The practical Monday-morning plan
This is not a call for a giant replatform or a six-month research phase. The better move is to tighten the pages and signals that matter most to recurring AI evaluation.
Start here:
- Pick 10 high-value commercial queries and rewrite them as monitored tasks or complex prompts.
- Identify the pages, reviews, mentions, and third-party sources an AI system is likely to inspect along that journey.
- Audit whether your core commercial pages answer the fit question directly in the first screen.
- Fix weak proof signals: outdated reviews, vague service descriptions, thin bios, stale listings, and unsupported claims.
- Track whether your brand appears consistently across repeated prompt checks over a few weeks, not just one test.
The agencies that win this next phase of search will not be the ones publishing the most content. They will be the ones building the cleanest evidence system.
Google’s information agents make that clearer than ever. Search is becoming less about a momentary result and more about persistent selection. If your brand cannot survive repeated AI scrutiny, rankings alone will not save it.
If your team wants a sharper view of where that scrutiny is already breaking down, work with us and we can map the answer layer against the pages and trust signals that actually influence demand.

FAQ
What are Google’s information agents?
Google’s information agents are personalized AI agents announced at I/O 2026 that can monitor the web in the background for specific criteria and send synthesized updates when conditions are met. They are Google’s clearest step yet toward turning search into an ongoing agent workflow instead of a one-time lookup.
Why do information agents matter for SEO and AEO?
They matter because visibility is no longer decided only by one direct query and one ranking snapshot. If AI systems keep checking related sources, subtopics, reviews, and proof signals over time, marketers need pages and brand signals that stay useful under repeated evaluation.
Does this mean rankings do not matter anymore?
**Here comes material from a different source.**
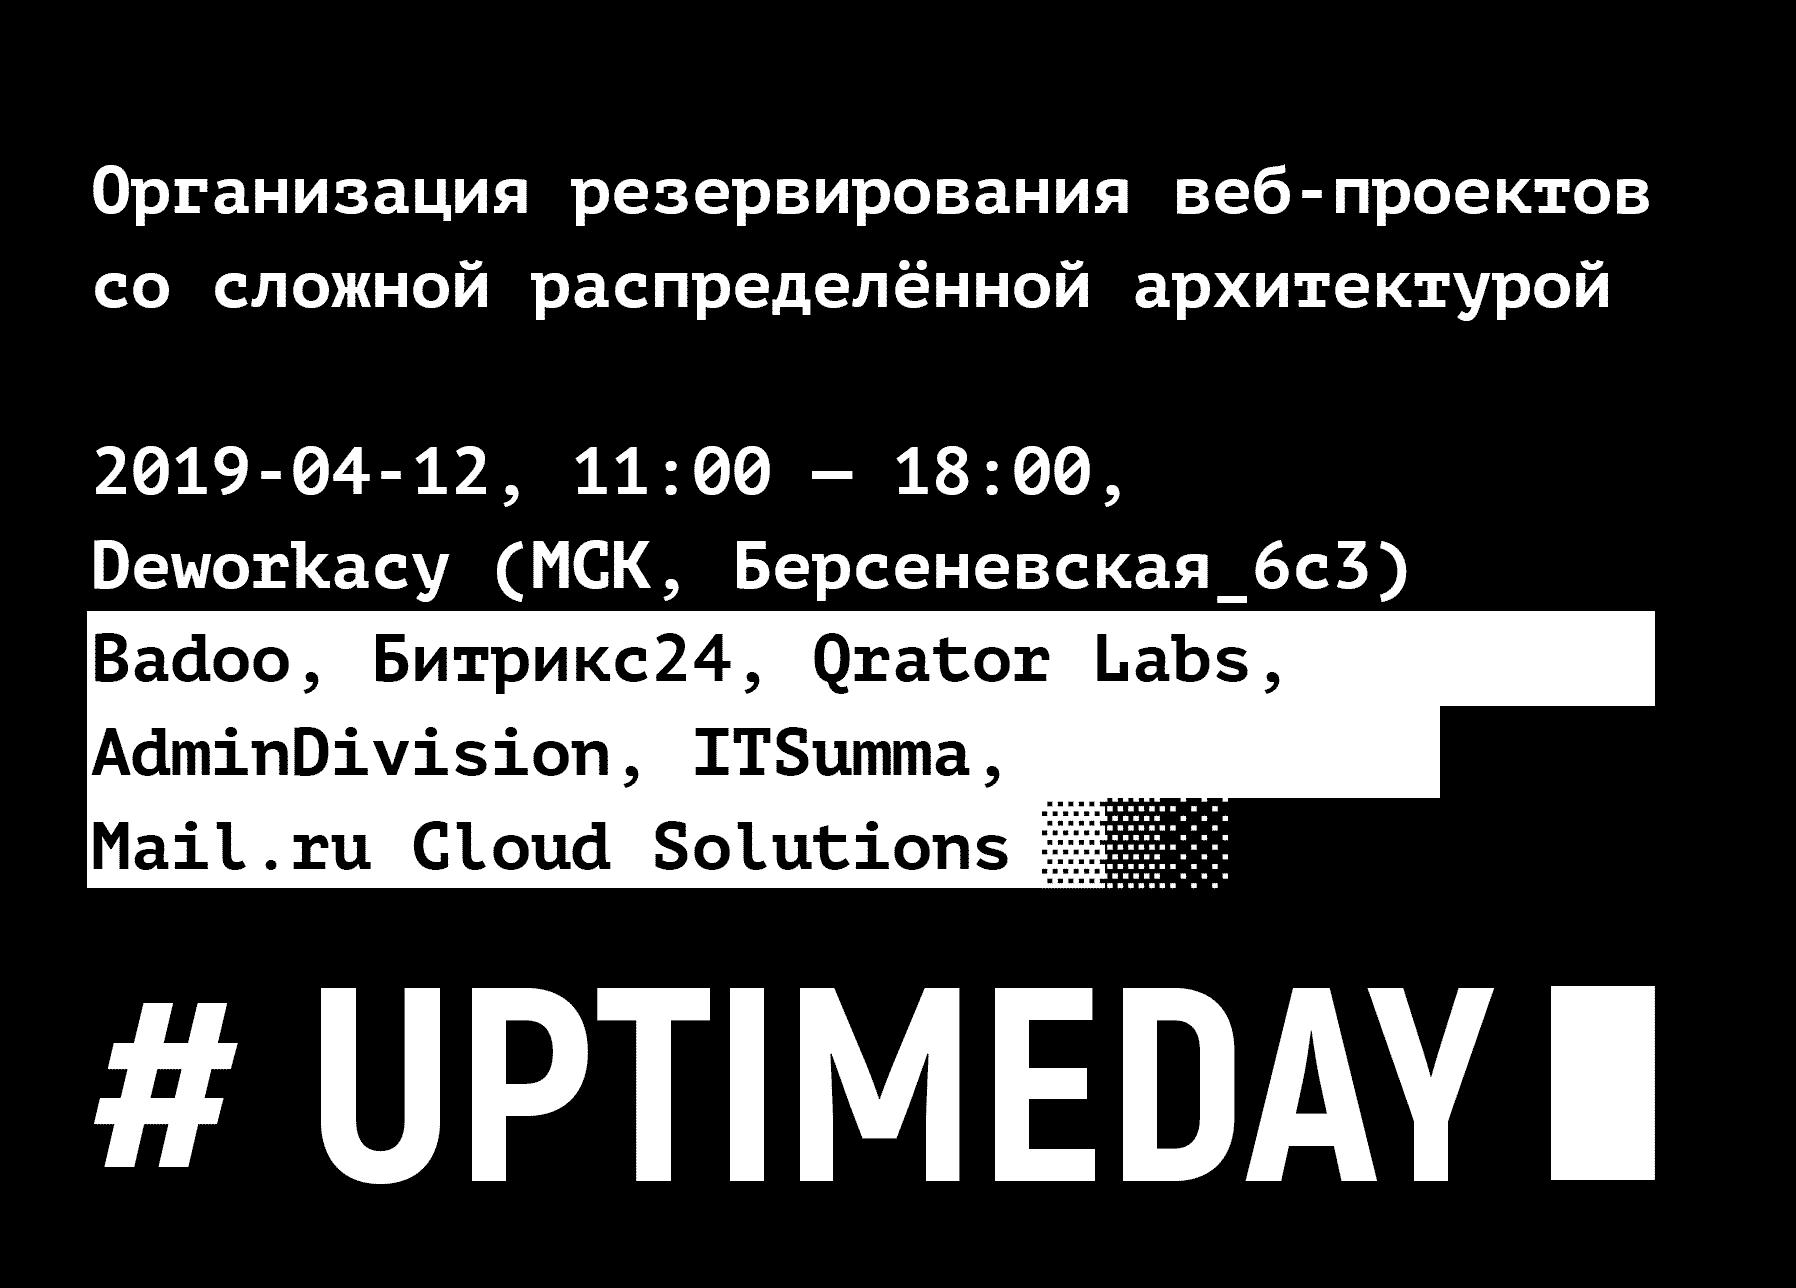 Uptime day: 12 апреля, полёт нормальный

No. Rankings still matter. But they are no longer a complete proxy for influence. Ahrefs’ latest AI Overview study found that only 37.9% of cited URLs also appeared in the first 10 result blocks for the same query, which shows how often AI systems now pull from a wider source set.
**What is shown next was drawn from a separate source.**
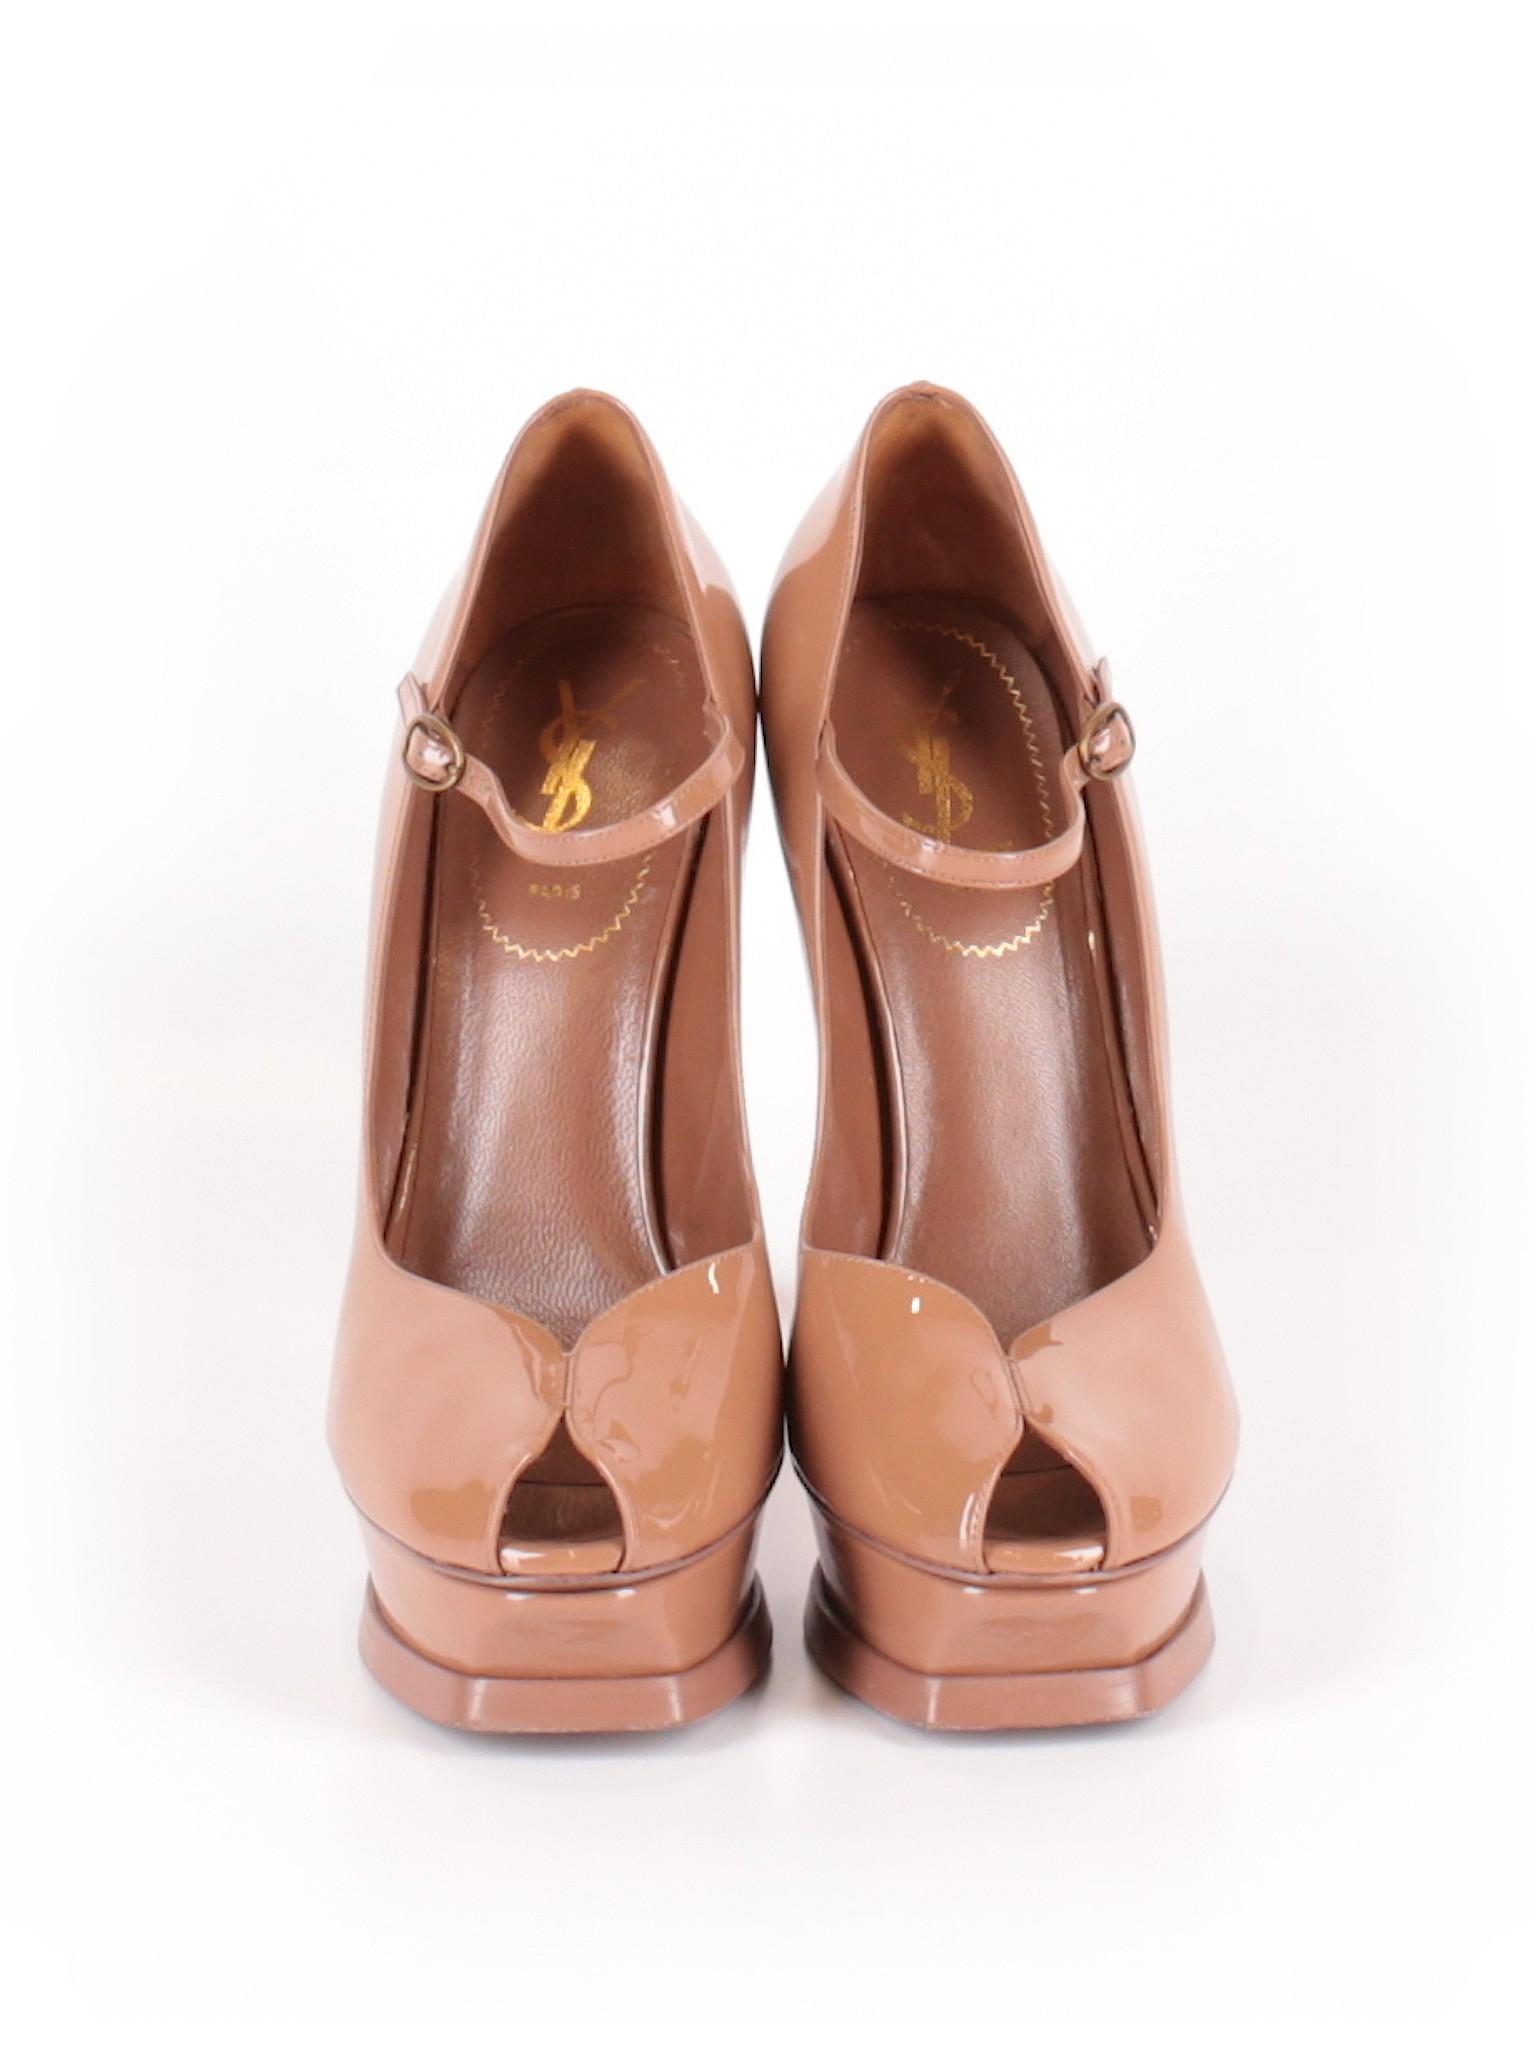 4c303ef7164 Yves Saint Laurent 100% Leather Solid Tan Heels Size 40 (EU) - 76% off |  thredUP

What should healthcare brands do first?
Fix the trust stack before publishing another batch of generic content. In practice that means better provider and program pages, stronger expert attribution, fresher review coverage, tighter third-party consistency, and clearer answers to patient-journey questions.
How should agencies report on this shift?
Agencies should report beyond rank tracking and sessions. That means checking prompt visibility, citation presence, supporting source quality, branded search lift, and whether commercial pages are actually being reused inside AI-driven discovery paths.
Are information agents only relevant to ecommerce?
No. Ecommerce is an obvious use case, but the same behavior applies to healthcare, B2B software, local services, travel, and any category where users compare options over time before acting.